« Bojack Horseman » c’est l’histoire d’un con. Un con irascible, dépressif, arrogant, millionnaire et condescendant. Difficile de s’identifier à lui ou de faire preuve d’une quelconque bienveillance à prime abord. On le découvre en étant jugeur, critique et peu empathique. Cette série vient s’ajouter à la longue liste des plaidoyers sur le bénéfice du doute. Sans échapper à la règle, elle mettra en scène un changement chez le héros de manière pointue et satirique. Et quand le rideau final se baisse, on a l’impression d’avoir vécu une expérience aussi introspective qu’instructive. On connaît Bojack et on le comprend mieux. Peut-être qu’on se comprend et qu’on se connait mieux.

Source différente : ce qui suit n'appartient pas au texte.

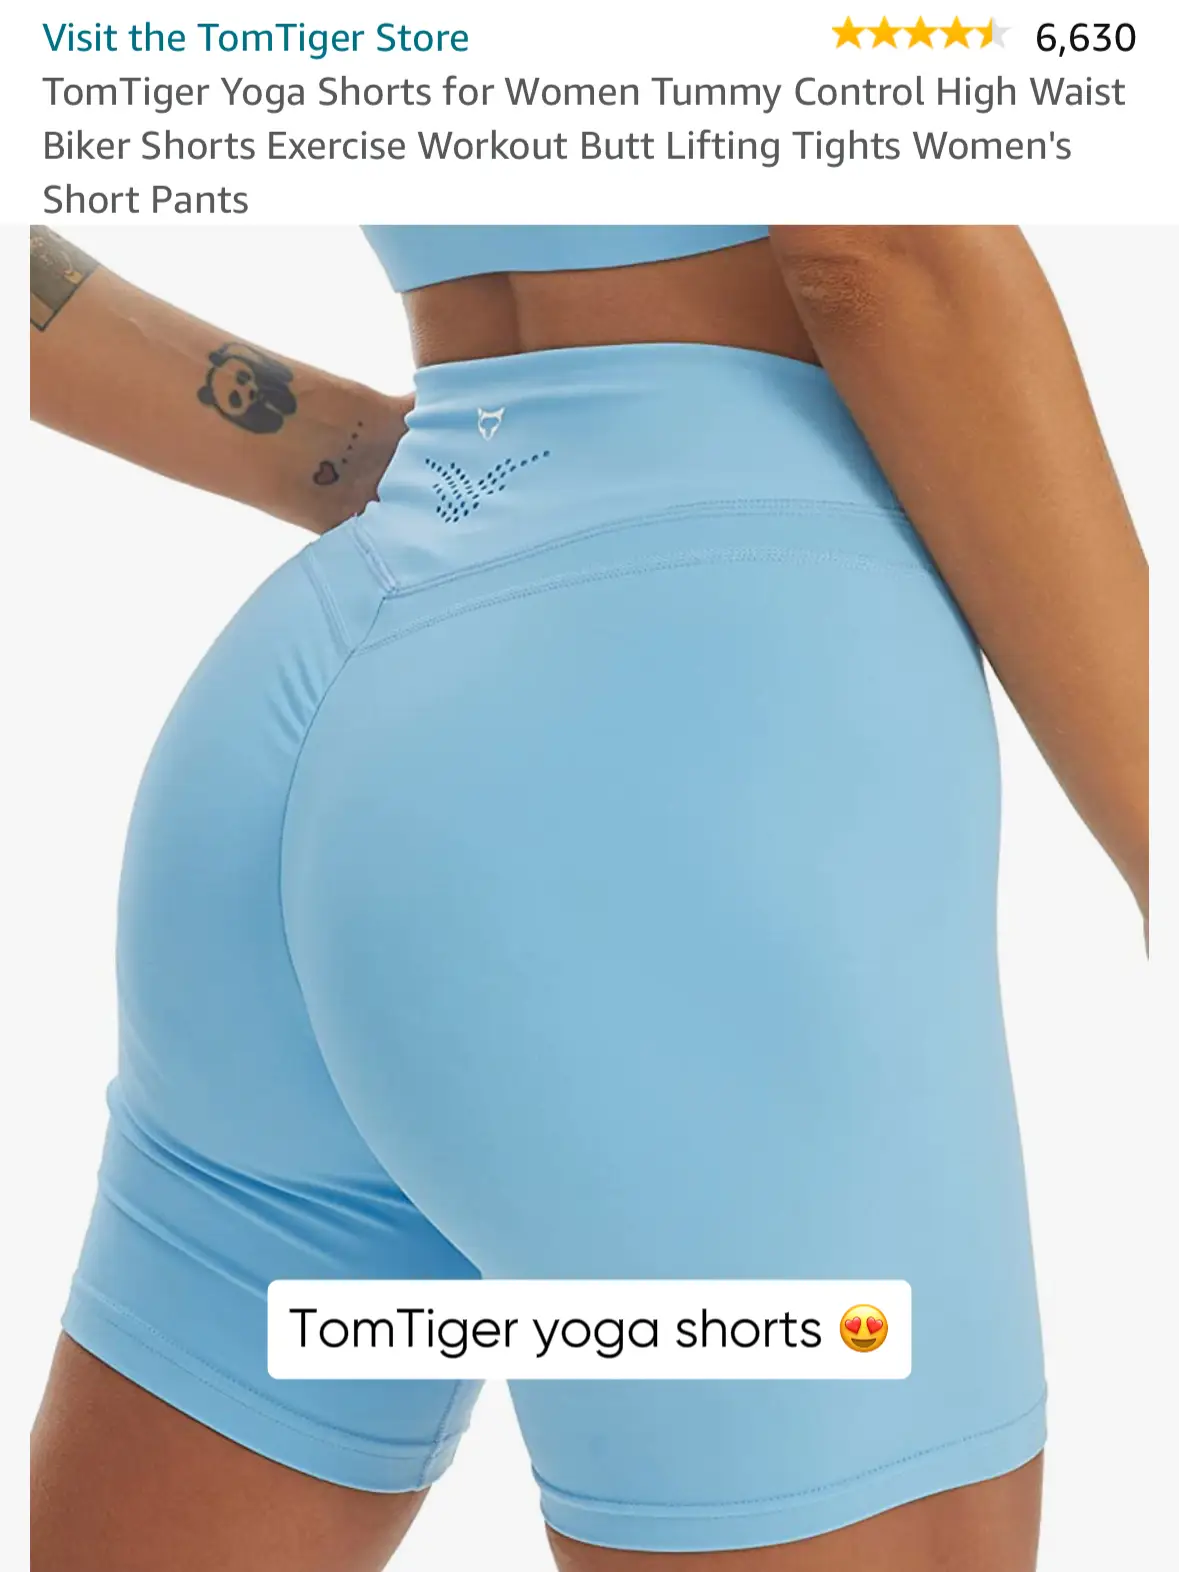 Women's Short Leggings Criss Cross Waist Tummy Control Butt Lift High Waist  Yoga Fitness Gym Workout Shorts Bottoms Black Red Blue Sports Activewear H

Alors oui, le crédit d’intention, supposer que les intentions d’autrui sont bonnes et positives, on connaît. On nous l’a martelé. On peut avoir de « mauvais comportement » sans vouloir faire le mal. L’arrogance peut cacher la peur de l’incompétence. L’hyper-contrôle renferme parfois la peur de l’inutilité. Et la condescendance est bien souvent révélatrice d’insécurité. Ainsi de suite. Garder ça à l’esprit devrait nous aider à être plus empathique. À cesser d’étiqueter les autres en considérant leurs comportements comme immuables. Nous sommes souvent d’excellents avocats pour nous et de très bons juges pour les autres. Nous devrions tâcher d’être de bons avocats pour tout le monde.
On le sait, pourtant ça reste dur. C’est dur parce que, parfois, « X agit comme un vrai con ». Parfois Bojack dépasse les bornes peu importe ses raisons. C’est dur parce que quand on y arrive, on s’attend à ce que ce soit réciproque. Ça l’est rarement. Quelqu’un de condescendant ne fera pas toujours l’effort de vous rendre la pareille, d’être votre avocat. Mais souvent, on n’a pas le choix, on doit quand même créer la relation. Notamment quand on doit manager, ou pire, se faire manager par un « Bojack ». Alors qu’est-ce qu’on peut faire dans ce cas ?
On peut l’étudier. On peut l’étudier sans rien attendre en retour ou, en tout cas, pas de bienveillance immédiate. Dans cette série, le personnage le plus important pour Bojack est une autrice nommée Diane. Diane, plus ou moins contre son gré, a pour mission initiale d’écrire la biographie du héros. Elle n’a pas le choix et ne peut pas se permettre de l’étiqueter. Ni de résumer son livre en une phrase : « Voilà un piètre être-humain ». Alors elle va essayer de le comprendre. Elle va se forcer à le comprendre, sans attendre de réciprocité. Elle va se forcer à le connaitre. Et elle va lui permettre de s’ouvrir. N’ayant rien d’autre à donner en retour que son temps, il finira par lui offrir de l’honnêteté. Puis de la confiance. Et là seulement, la relation se crée. Là seulement, nous devenons témoins des tentatives de changement chez cet anti-héros. Là seulement, Diane va permettre à Bojack de se sentir compris et d’essayer de comprendre les autres, de devenir ce fameux avocat. On se mettra alors à le juger plus justement, à le soutenir plus fréquemment. À l’encourager dans ses défaites et à le féliciter dans ses victoires. Et là seulement, on peut retirer l’étiquette de « vieux con » et la remplacer par « Bojack Horseman ».